I usually push the stems down further than they need to go and then pull up slightly with the tweezers letting the substrate fall in around the stem. That usually holds them.


----------



## AVN (Oct 3, 2012)

Sometimes it takes two hands. Some stems are so stubborn that I bury them and have to hold them in place while I sprinkle extra substrate on top.

It'll be around 2 weeks before you see any substantial anchoring roots


----------



## Karley (Jun 16, 2020)

I use thread or rubber bands to attach stems to small rocks that I push into the substrate.


----------



## minorhero (Mar 28, 2019)

When its an option I do like to use 2 hands to bury stems, otherwise pulling the tweezers out they tend to get pulled with them. This is worse for gravel then in sand. I wouldn't want to leave metal plant ties in my tank all the time. I don't have any information that says its bad... I just wouldn't want to do it incase it is.


----------



## greenguppy (Dec 31, 2020)

Its been a little more than a week and no roots so I guess I will wait more. What size rocks do you suggest? Like oversize pieces of gravel or pebbles? Every time I replant I place as far as I can down. So I don't think that's the problem. The gravel is 2.5in high. 

Sent from my KFONWI using Tapatalk


----------



## STUDENT OF THE GAME (Jan 27, 2021)

I had that issue with some ludwigia palustris in my last tank....to avoid uprooting i cut it to about an inch from the roots....when planted you coudn't see it....I know it grows fast though and within a month it was 3/4 to the surface... I wonder if that would work with other stems


----------



## Tiger15 (Jan 7, 2018)

Stem plants can be brittle and can be damaged planting with a tweezer and later decay from the breaking point. I find it safer to push open a hole with a pencil like object, and then insert the stem gently into the hole and cover up.


----------



## AceFish (Feb 2, 2021)

Some good suggestions already. I do like the release the tweezers slowly trick. I also read somewhere to push the stems in at a slight angle so the weight of the substrate holds it down. Do you have a decent amount of substrate. Definitely easier when you have a couple inches.


----------



## greenguppy (Dec 31, 2020)

Yes I have 2.5in I will try all the ideas and see which works best.

thanks everyone,

Sent from my KFONWI using Tapatalk


----------



## Oughtsix (Apr 8, 2011)

I use plumbing solder to weight down bunches (usually pretty big punches) of stemmed plants. I just happened to have some laying around when I was trimming my Super red ludwiga and had WAY too many stems to plant each one individually. I wrapped a bunch of stems in plumbing solder and viola! they sunk to the bottom. A quick push into the gravel and they stayed there.

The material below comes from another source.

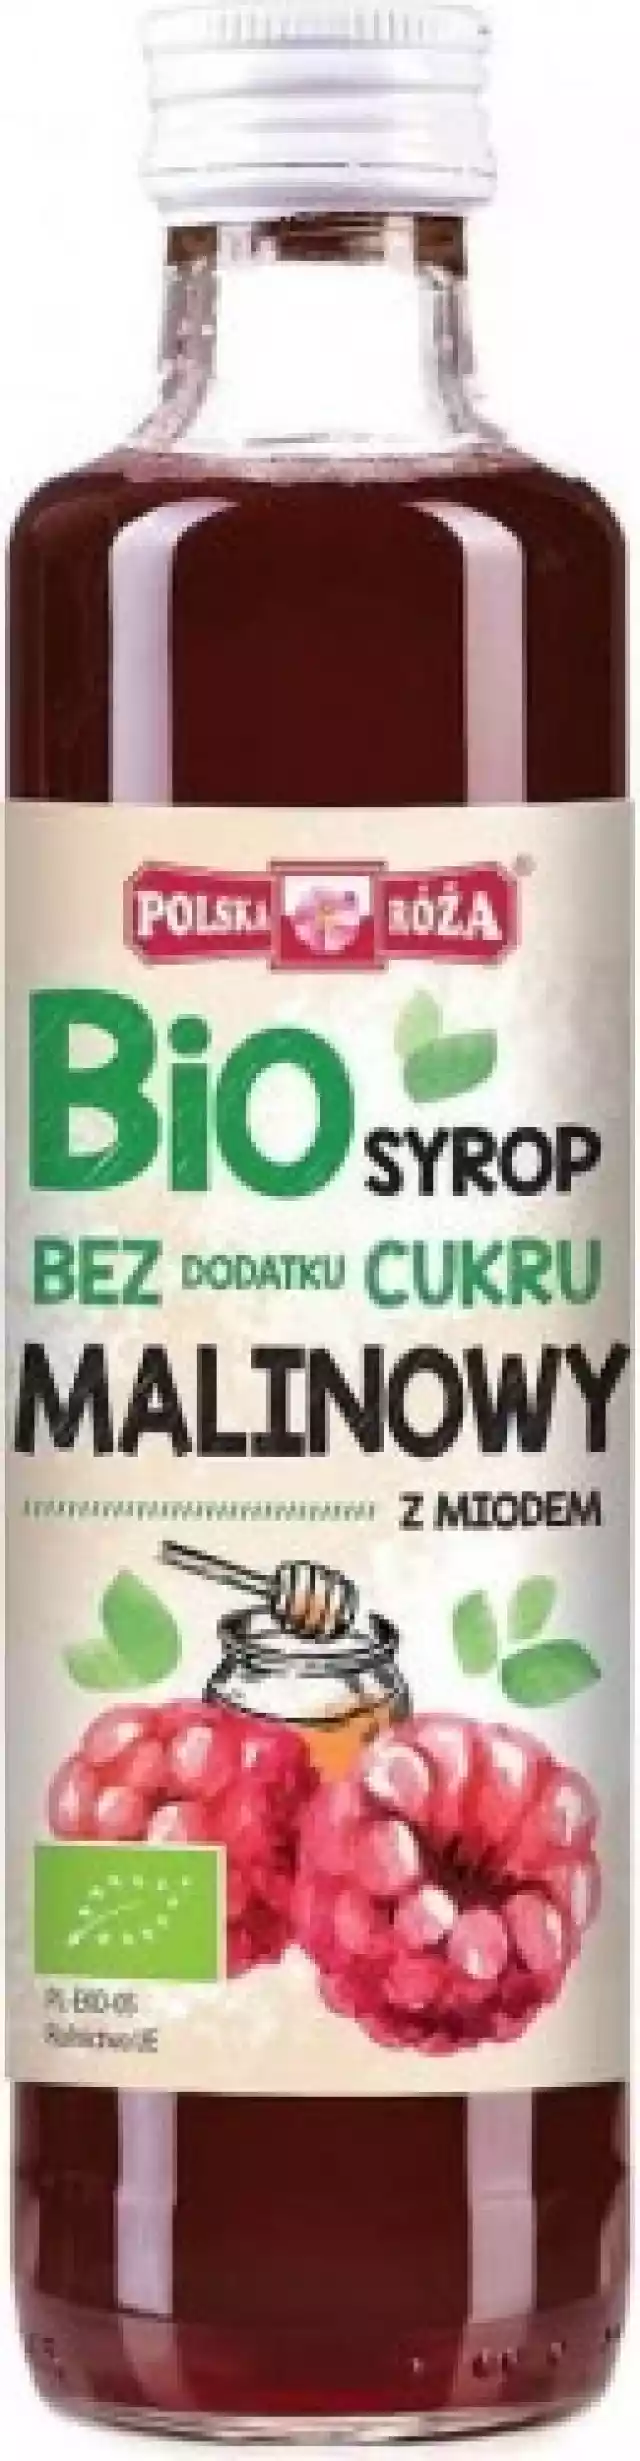 Syrop Malinowy Bez Cukru Bio 250 Ml Polska Róża
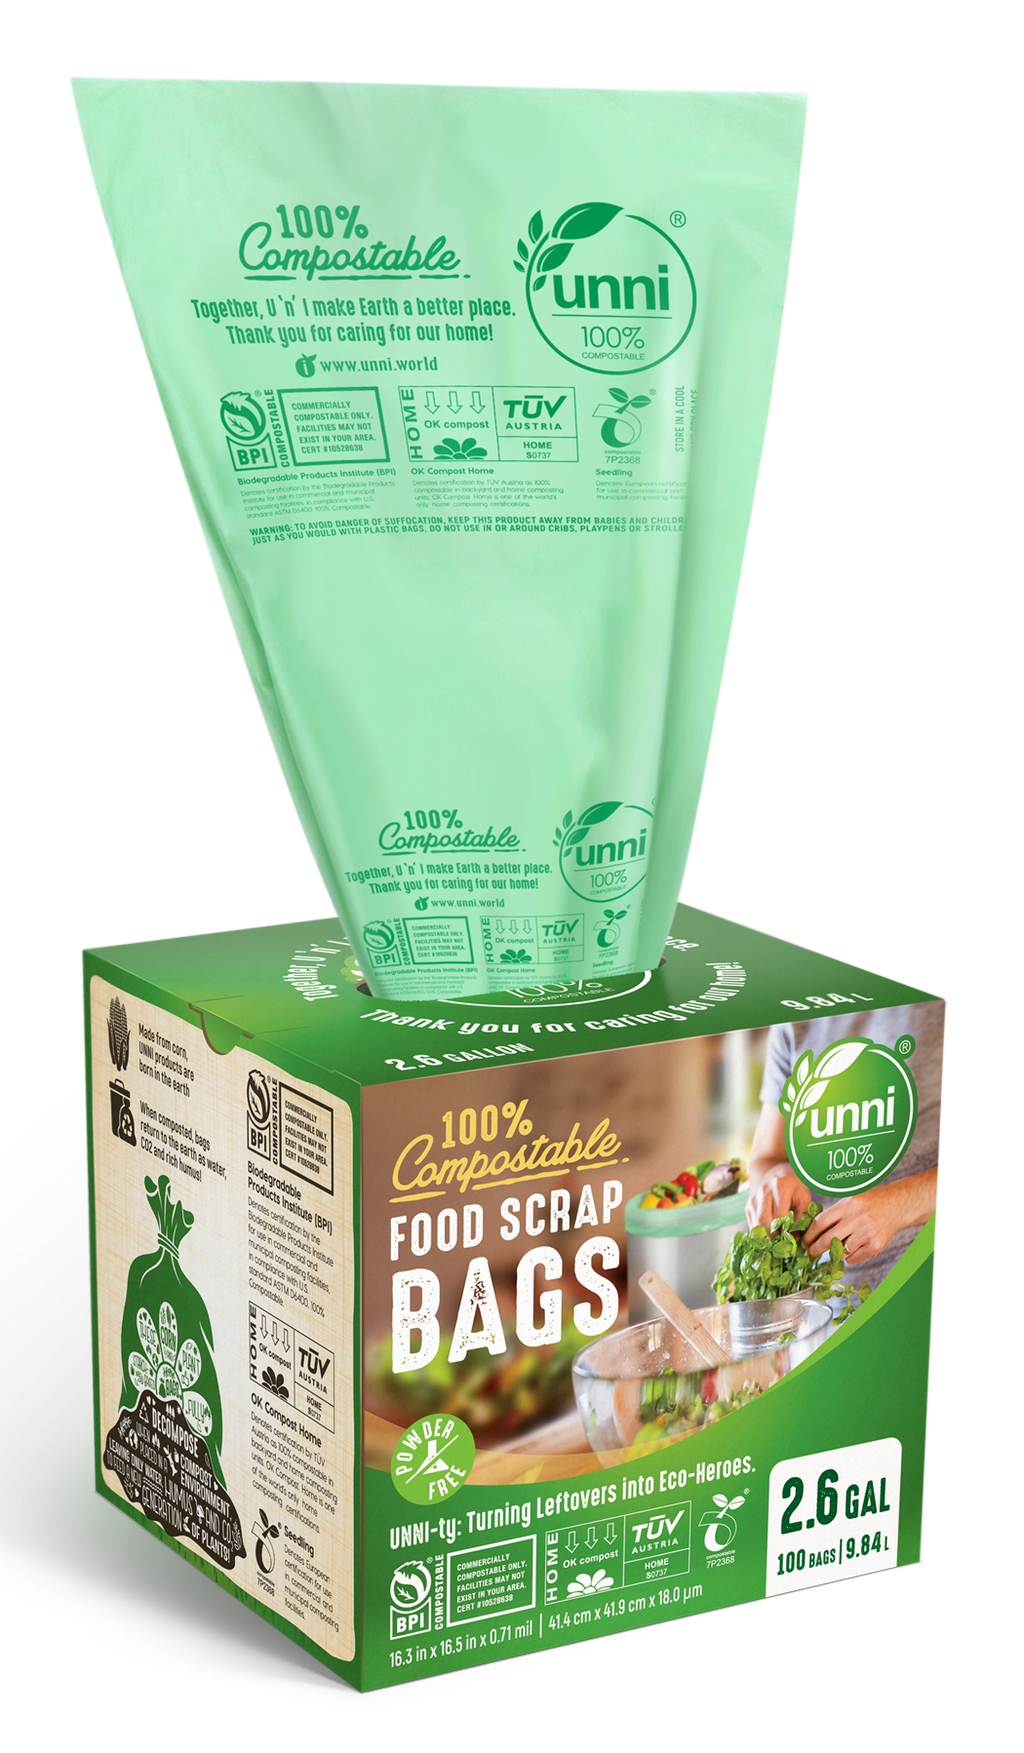 Supermercados Econo ofrece bolsas compostables – Sabrosia

Plumping solder is safe for human potable water so it has no heavy metals and no lead in it. I like it a lot better than using lead and it is a lot cheaper than the aquarium plant specific weights.

For a few stems I use the shove it deep in the substrate and jiggle the tweezers when pulling them out to let the substrate fall in around the stem without adding any weight, as described above, technique.


----------



## jadavis99 (Feb 13, 2021)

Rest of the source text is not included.